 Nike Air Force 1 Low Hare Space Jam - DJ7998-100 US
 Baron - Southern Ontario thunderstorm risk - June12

--

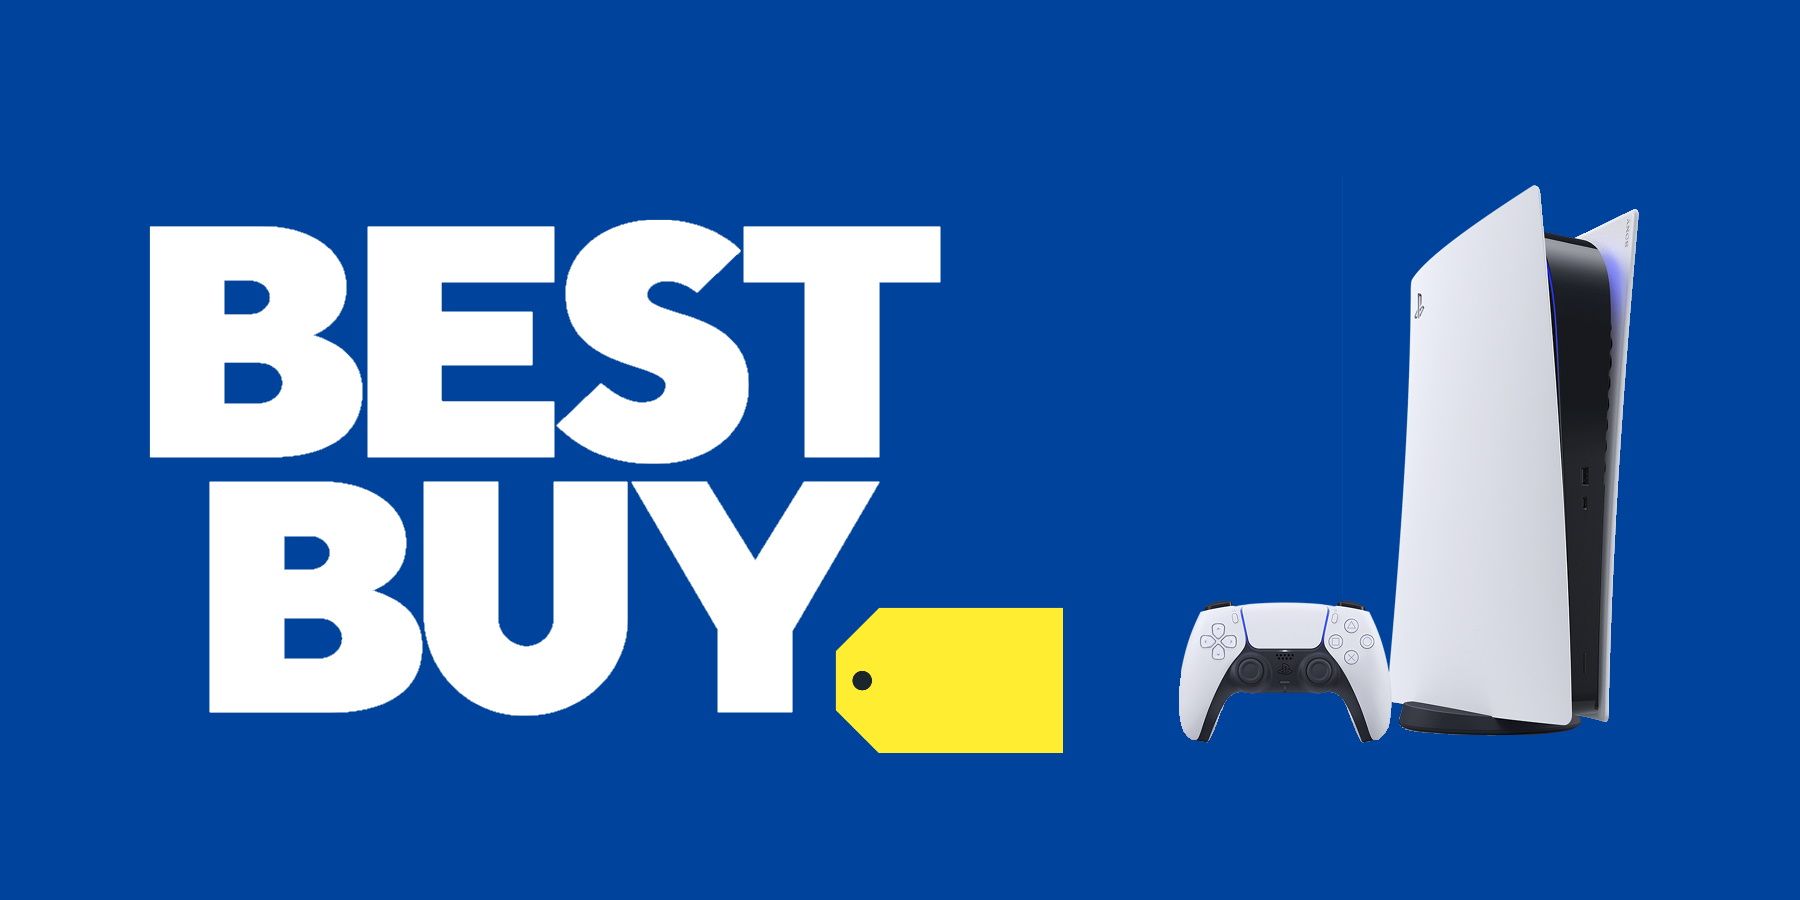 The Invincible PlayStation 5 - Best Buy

▸ **WHAT TO PRODUCE**: The required output is every line above from the one with "Nike Air Force" down to the one with "Baron - Southern", restated word for word, ends included.

▸ **RESULT FOR THIS TASK**:
 Nike Air Force 1 Low Hare Space Jam - DJ7998-100 US
 Baron - Southern Ontario thunderstorm risk - June12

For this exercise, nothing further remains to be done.